• Extracted information
--*--
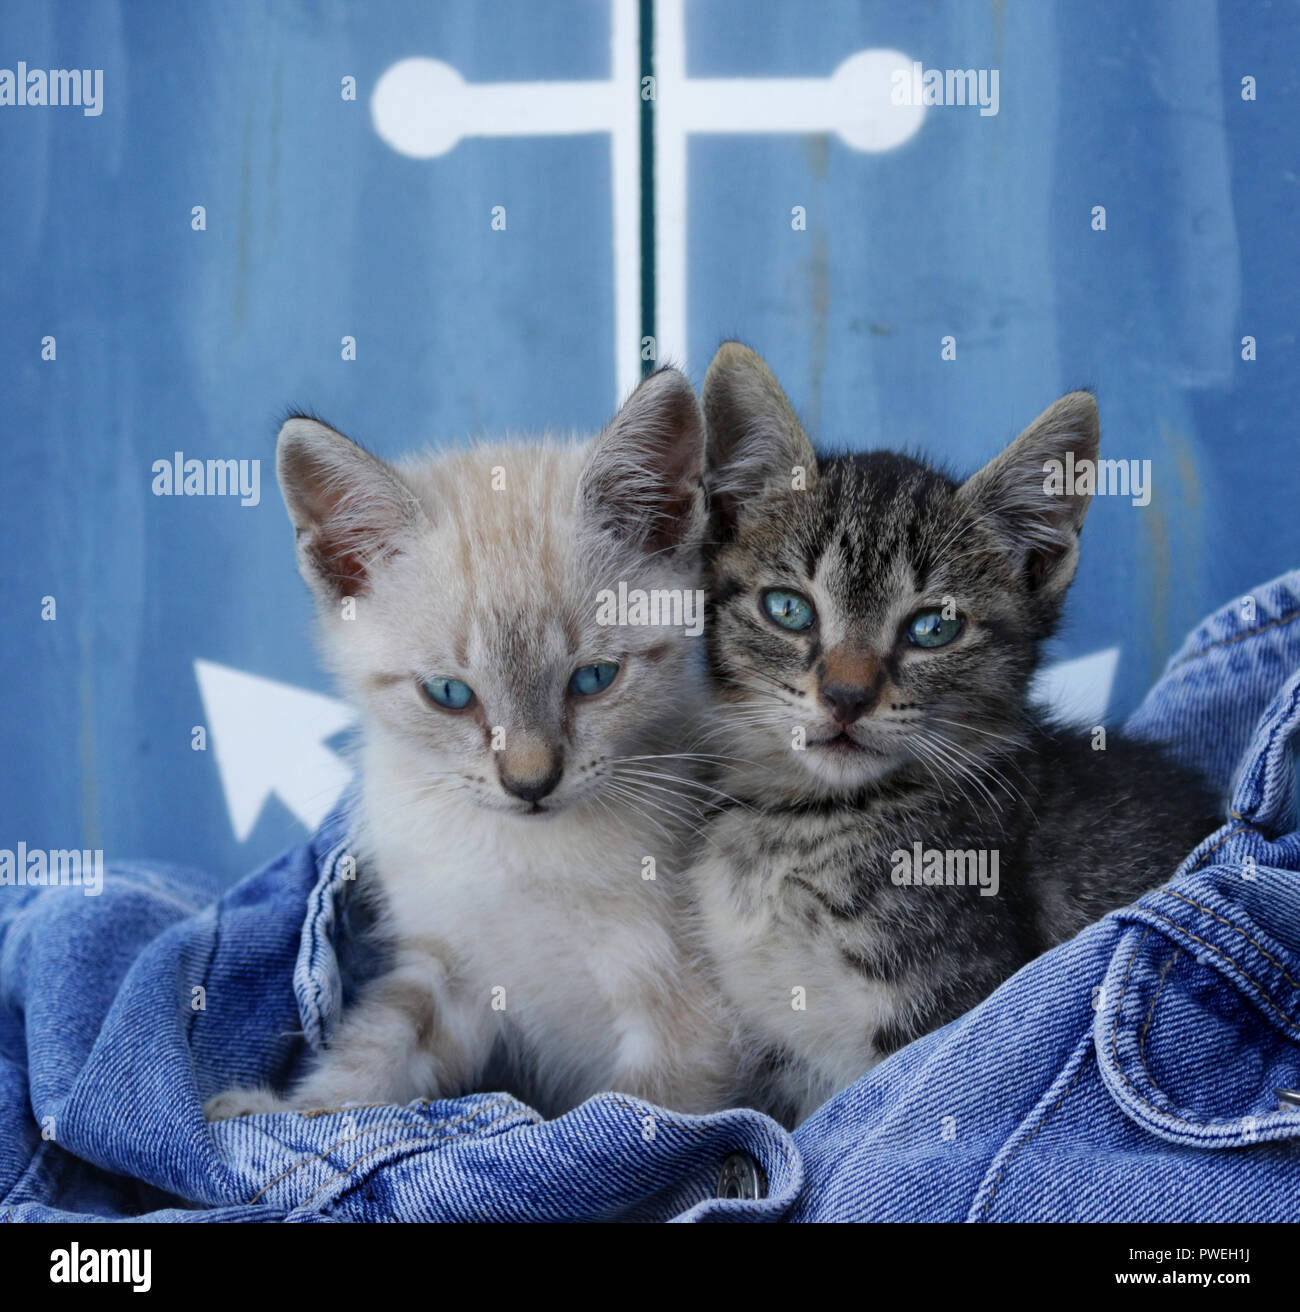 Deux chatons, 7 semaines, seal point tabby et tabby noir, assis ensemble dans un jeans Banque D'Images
--*--
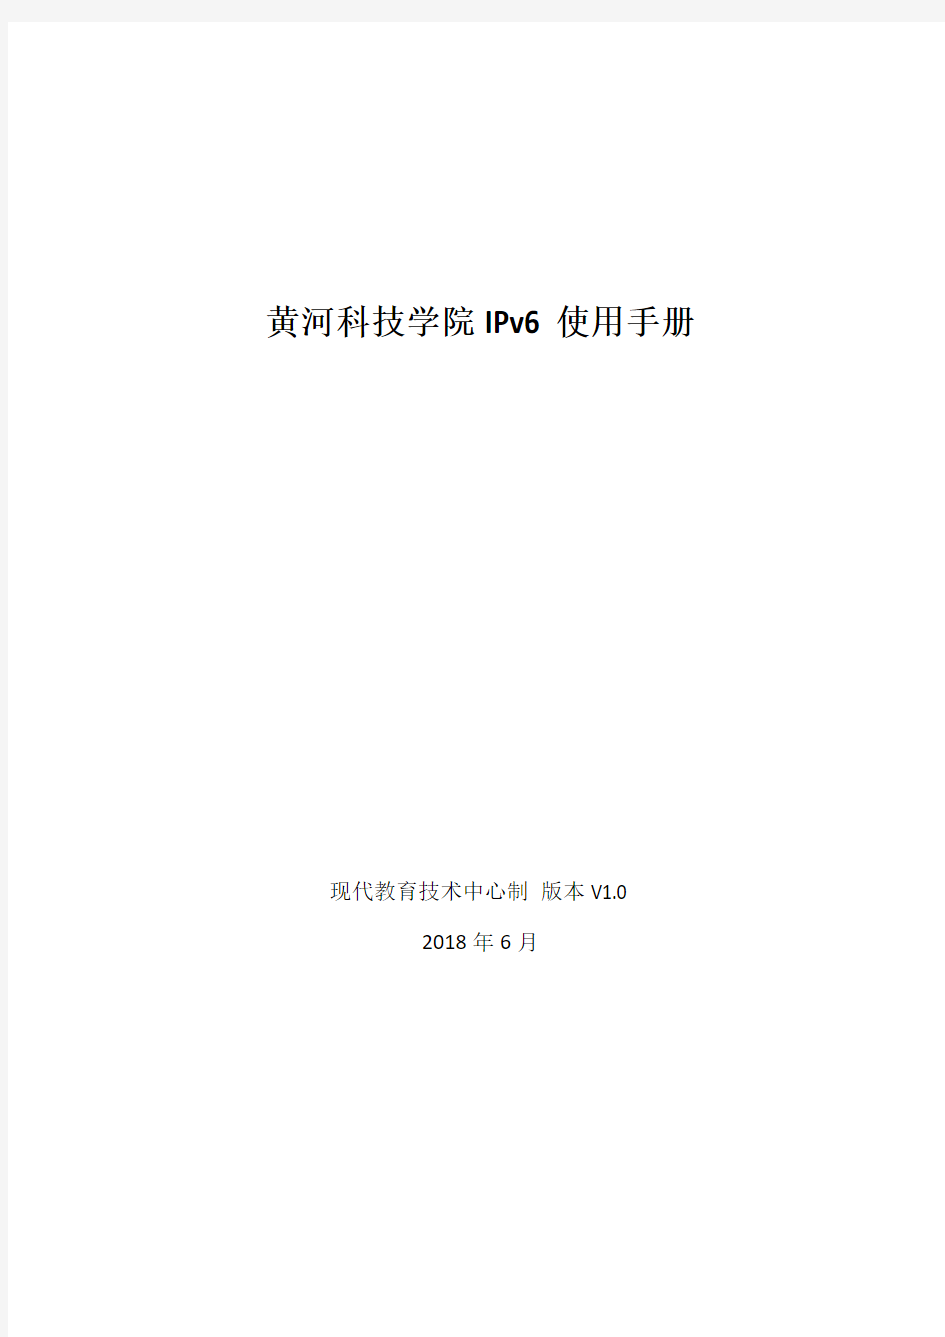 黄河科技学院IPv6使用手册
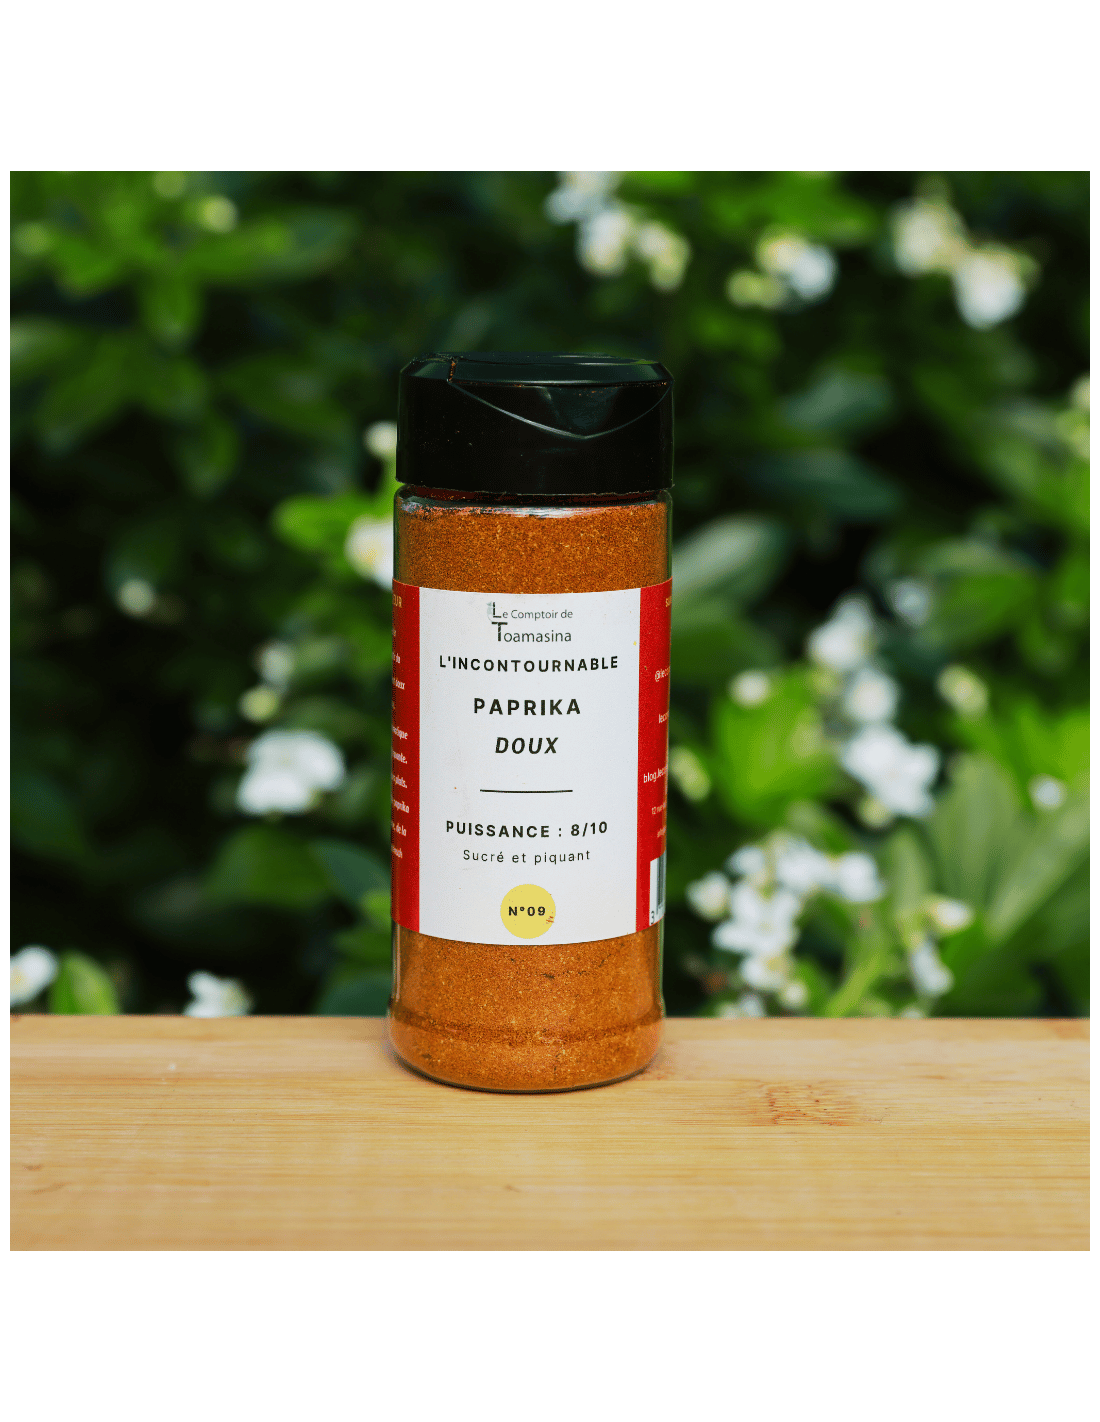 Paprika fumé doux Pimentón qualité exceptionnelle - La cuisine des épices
--*--
• Problem
Repeat exactly, and only, the entries from the line with "黄河科技学院IPv6使用手册" through the line with "Paprika fumé doux". Pictures are skipped.

• Exercise answer
 黄河科技学院IPv6使用手册
 Paprika fumé doux Pimentón qualité exceptionnelle - La cuisine des épices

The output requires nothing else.